Problem description =
Nothing but the lines from the one containing "Volver a disparar" through the one containing "Alchemy Bat Broth", both included, should be given again, each exactly as written below.

Dataset records =
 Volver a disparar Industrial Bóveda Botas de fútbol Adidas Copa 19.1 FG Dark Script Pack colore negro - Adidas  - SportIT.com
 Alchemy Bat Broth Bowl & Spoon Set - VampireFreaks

==

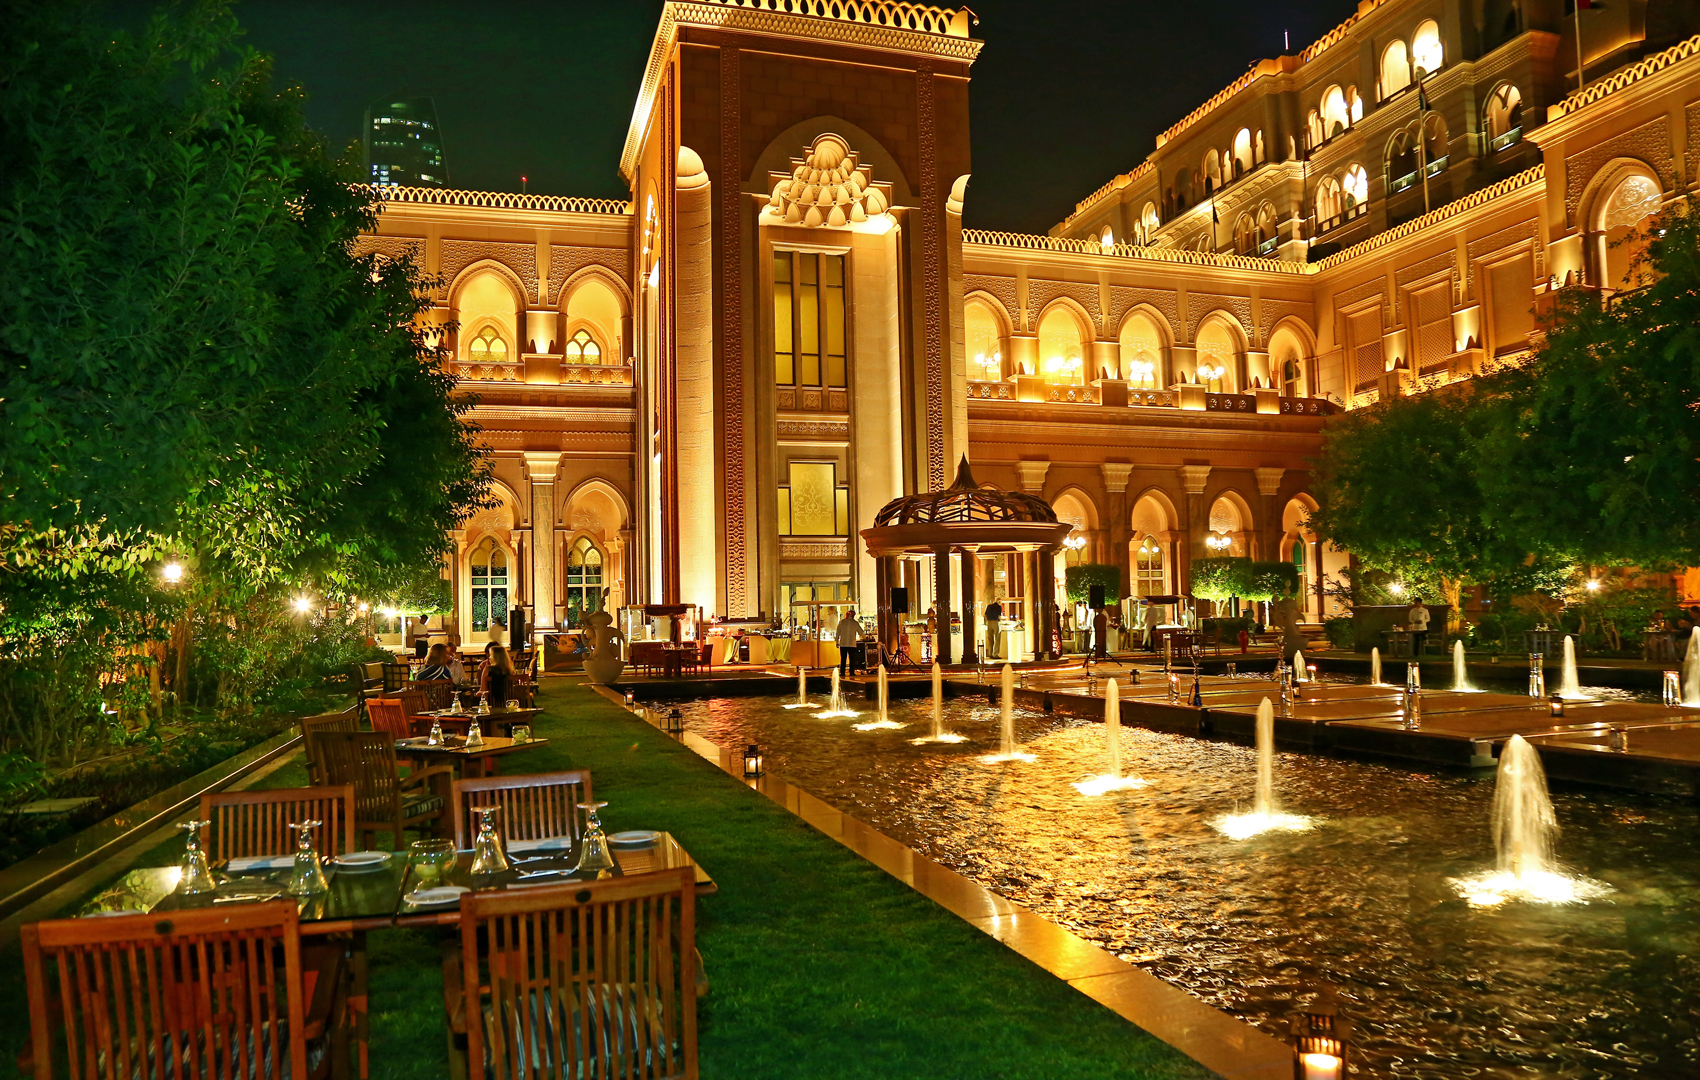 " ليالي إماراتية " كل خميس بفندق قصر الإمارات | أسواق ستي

--

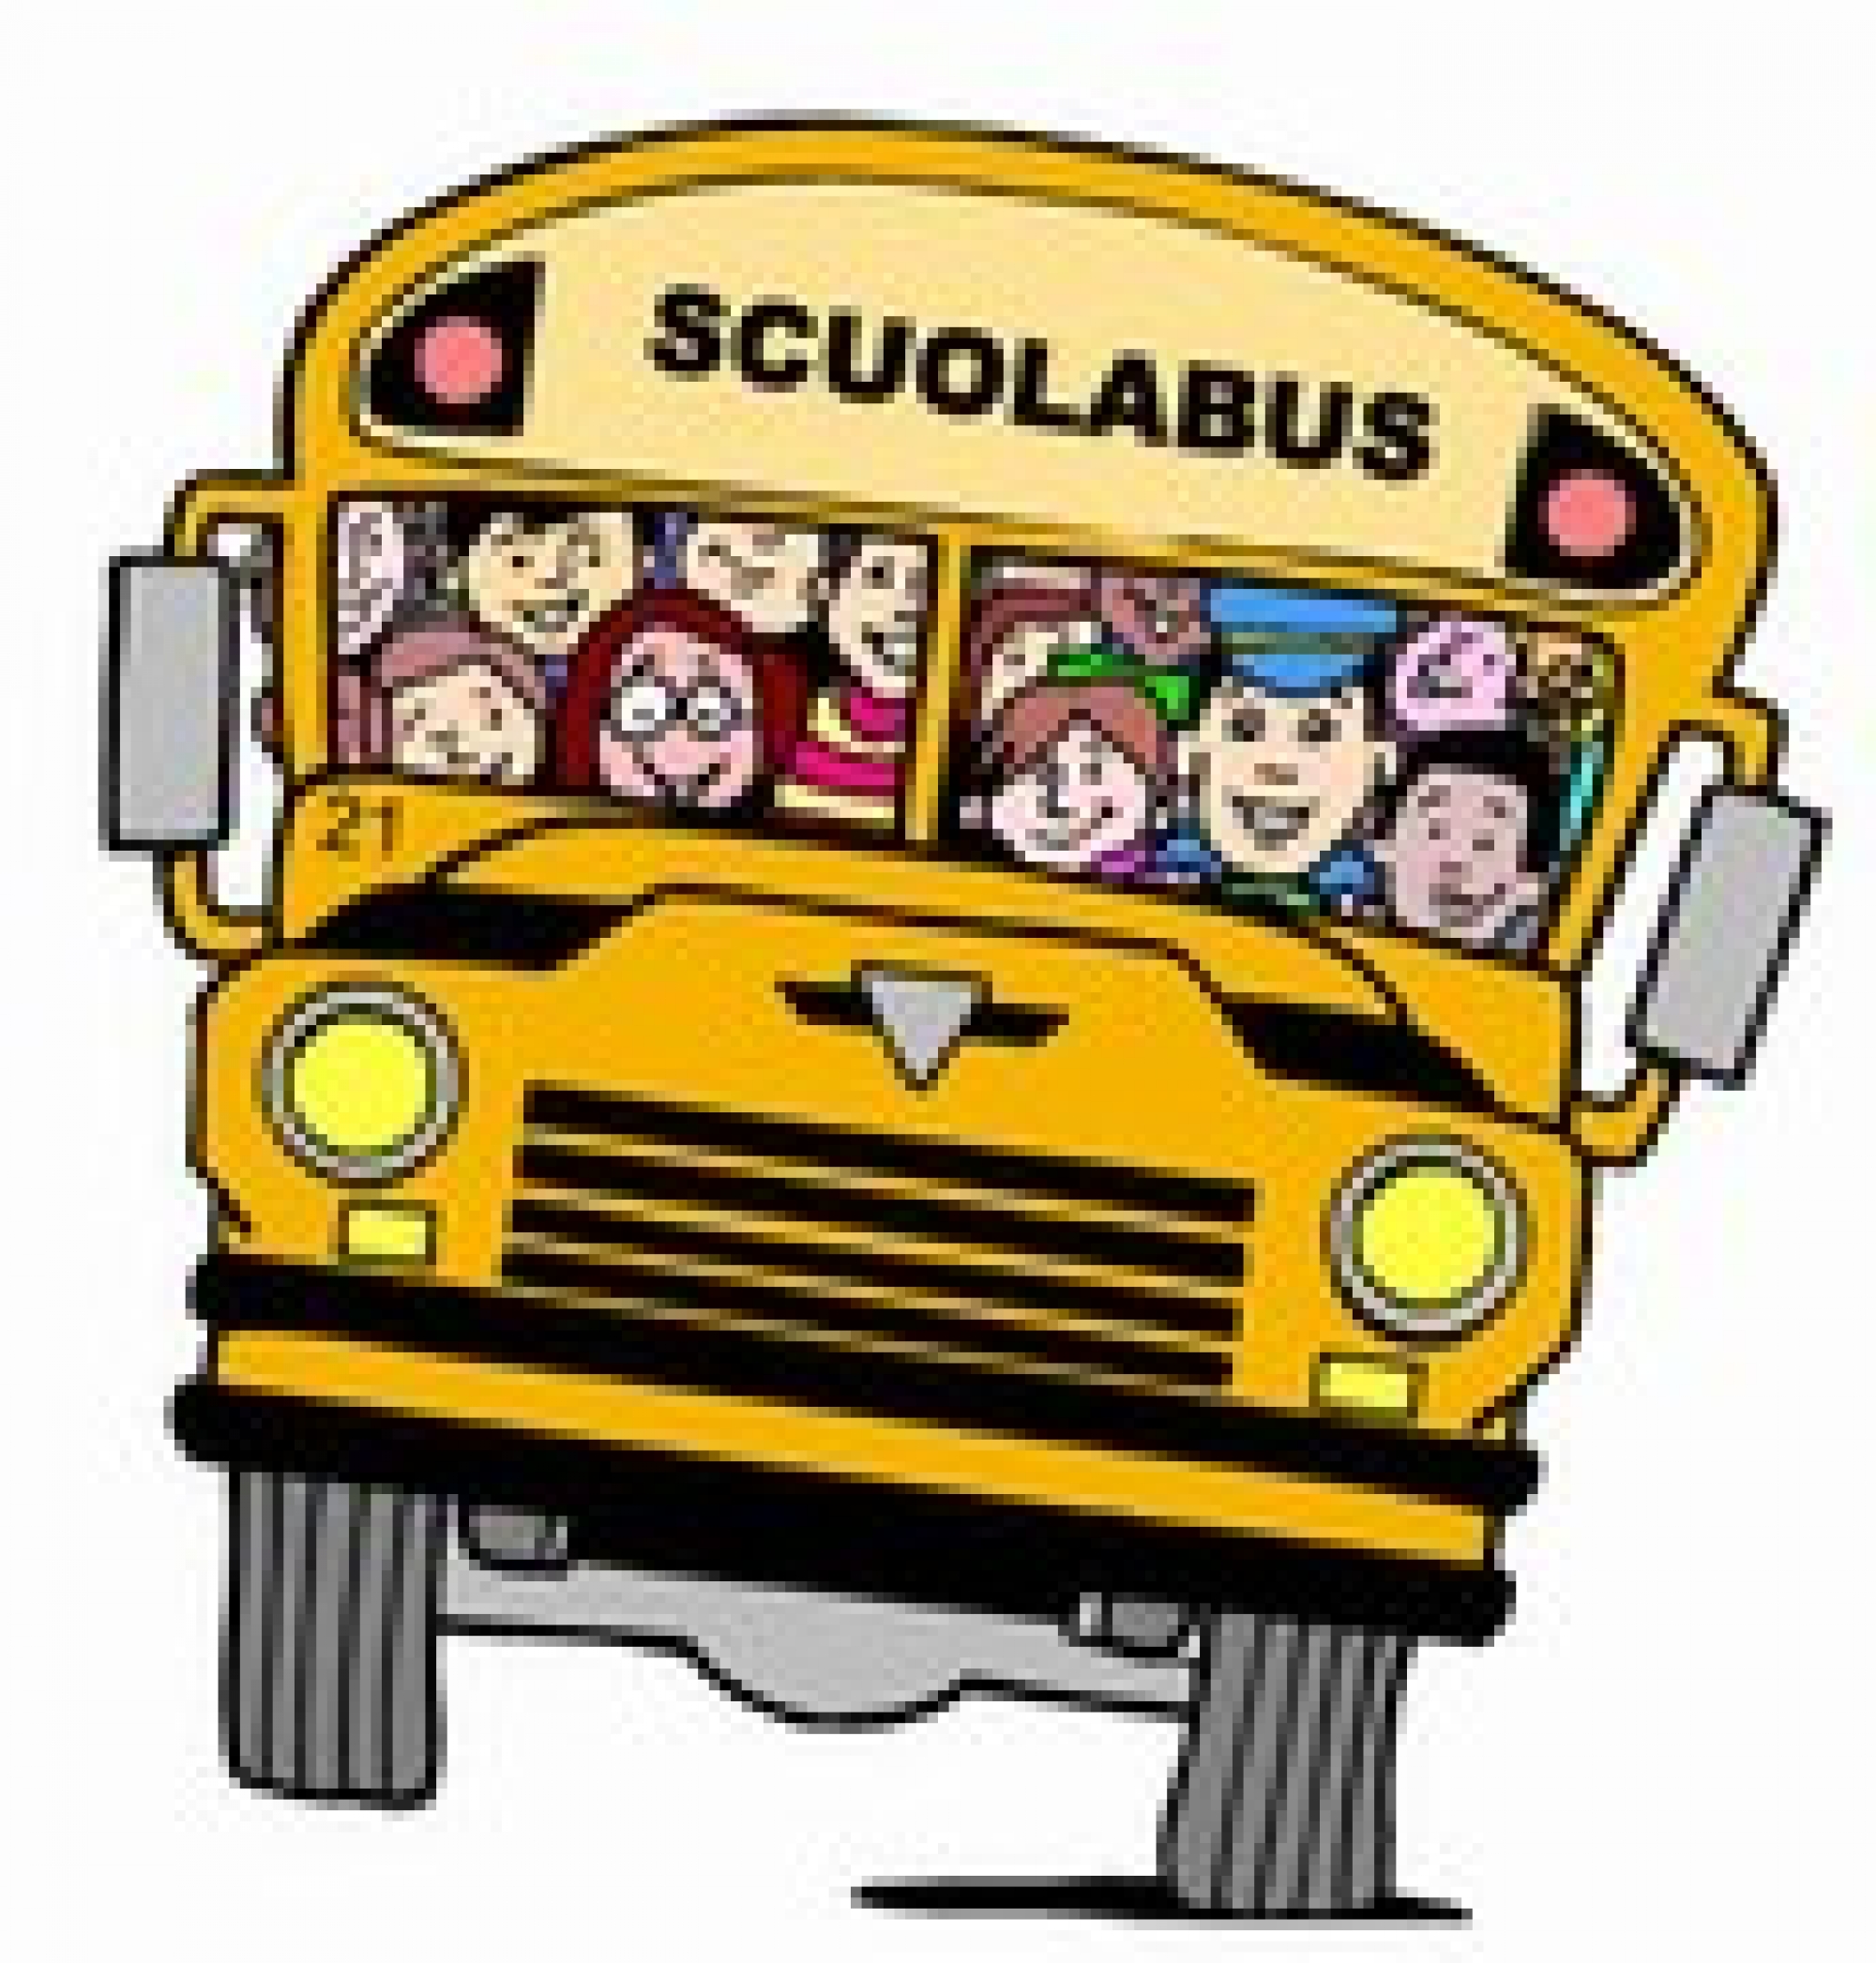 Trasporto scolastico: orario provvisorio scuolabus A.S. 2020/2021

Problem solution =
 Volver a disparar Industrial Bóveda Botas de fútbol Adidas Copa 19.1 FG Dark Script Pack colore negro - Adidas  - SportIT.com
 Alchemy Bat Broth Bowl & Spoon Set - VampireFreaks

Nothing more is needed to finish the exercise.